## Problem requirements:
Set down the listing exactly as given, minus images.

## Given material:
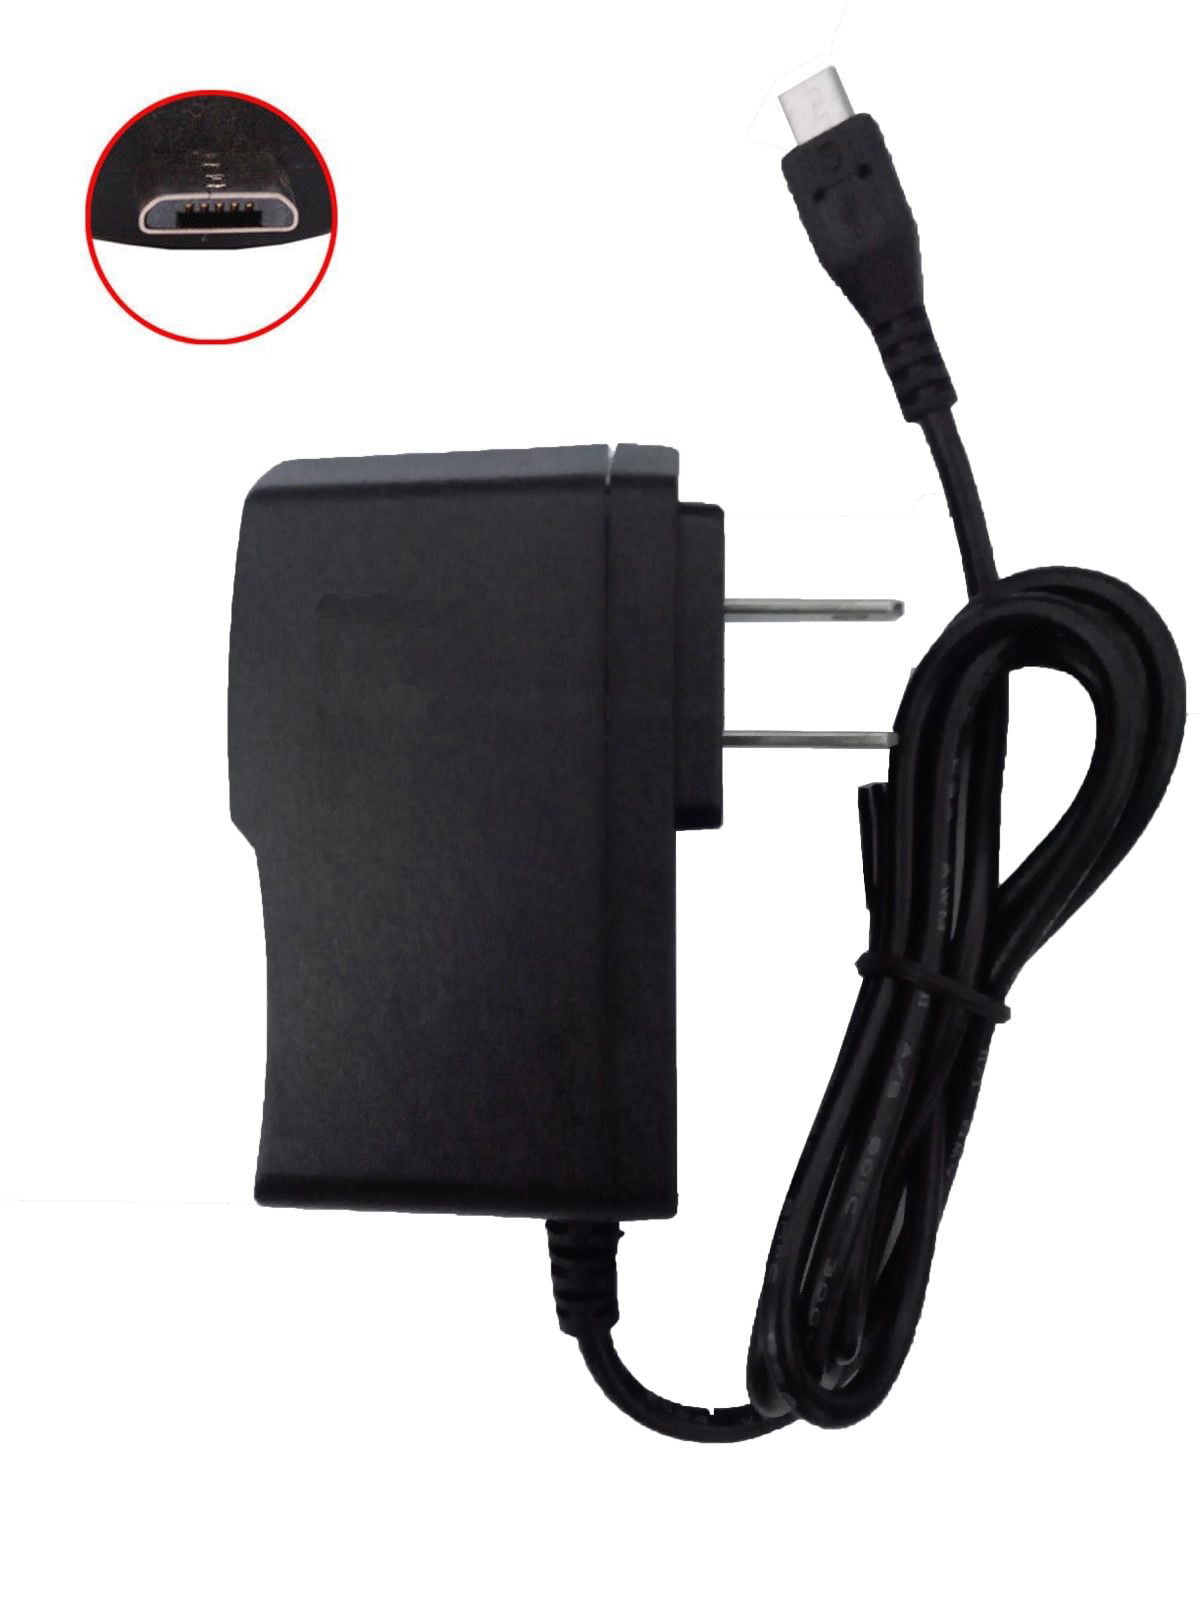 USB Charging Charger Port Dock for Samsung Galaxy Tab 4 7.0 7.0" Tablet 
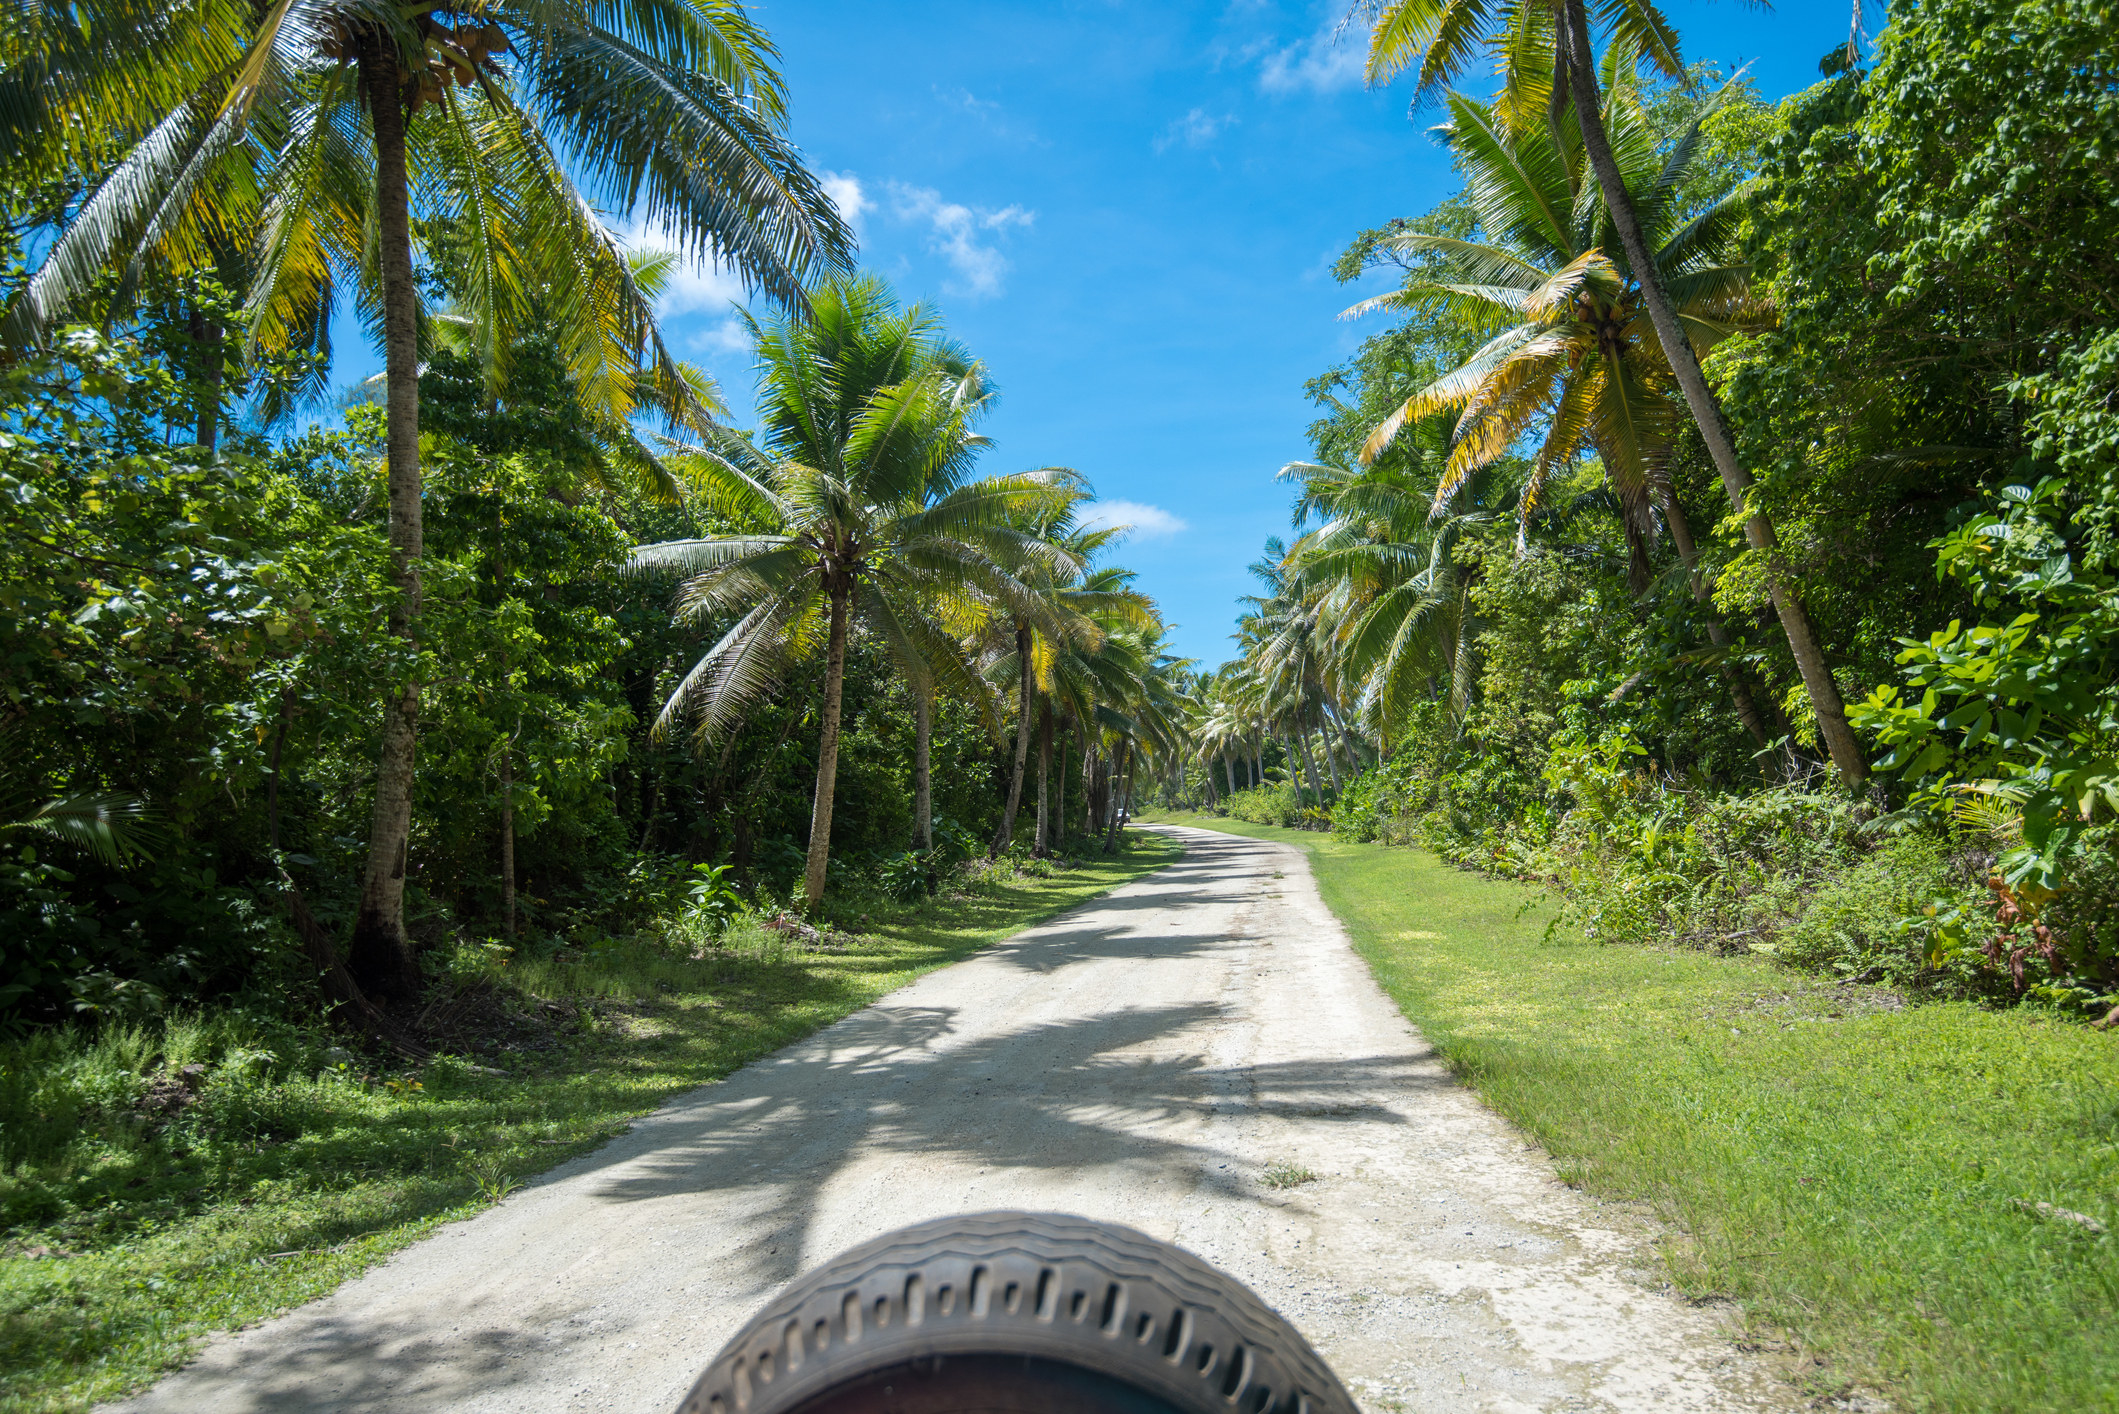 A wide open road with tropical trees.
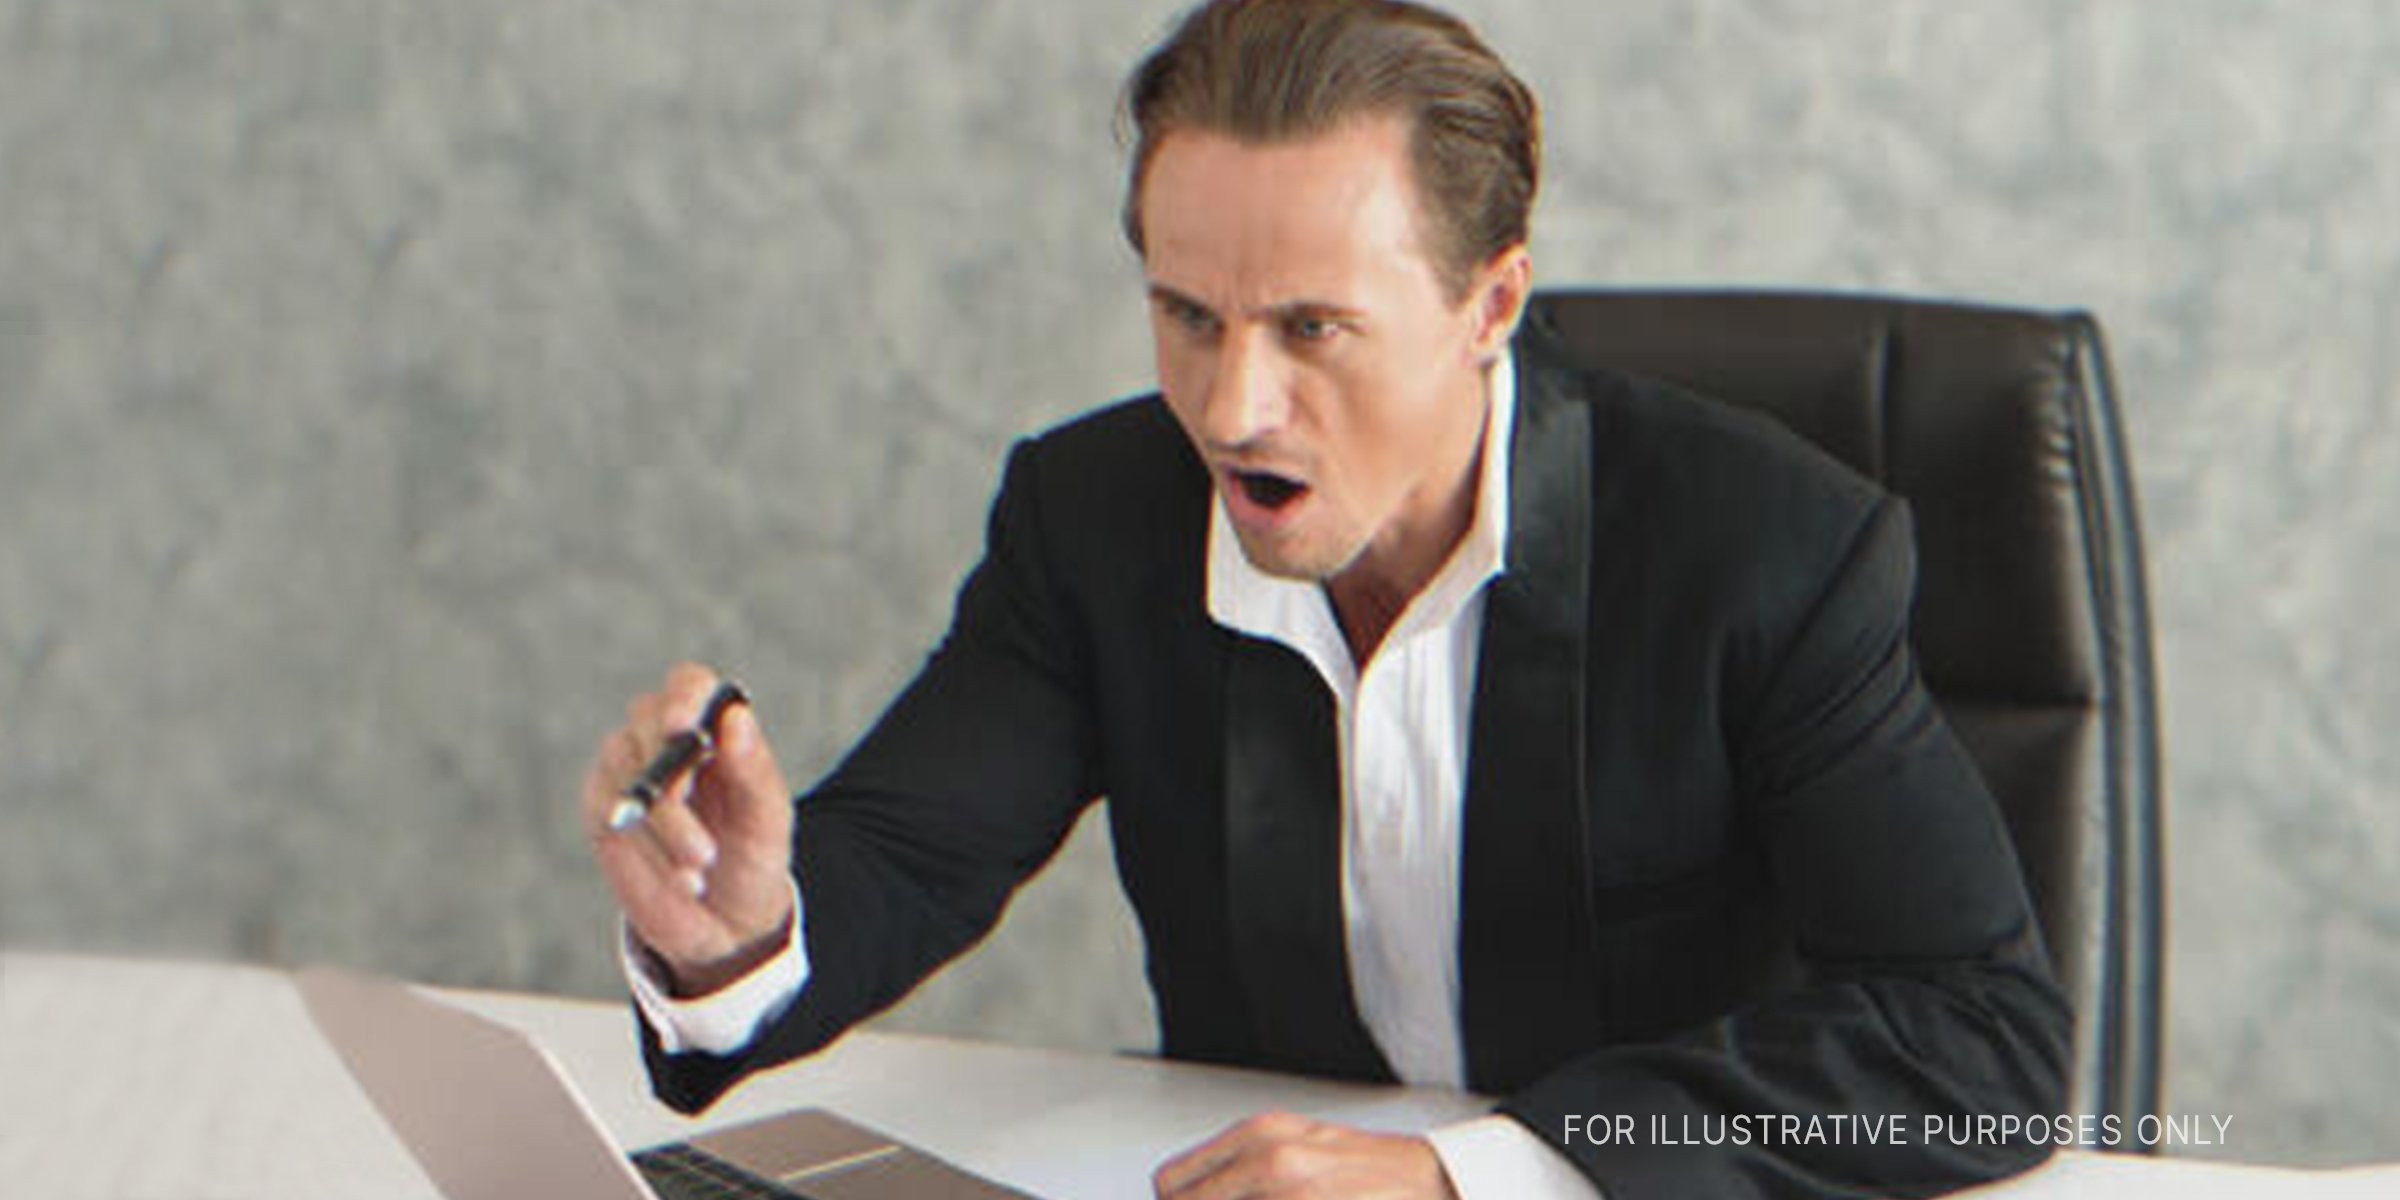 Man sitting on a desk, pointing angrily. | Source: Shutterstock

## Exercise output:
 USB Charging Charger Port Dock for Samsung Galaxy Tab 4 7.0 7.0" Tablet 
 A wide open road with tropical trees.
 Man sitting on a desk, pointing angrily. | Source: Shutterstock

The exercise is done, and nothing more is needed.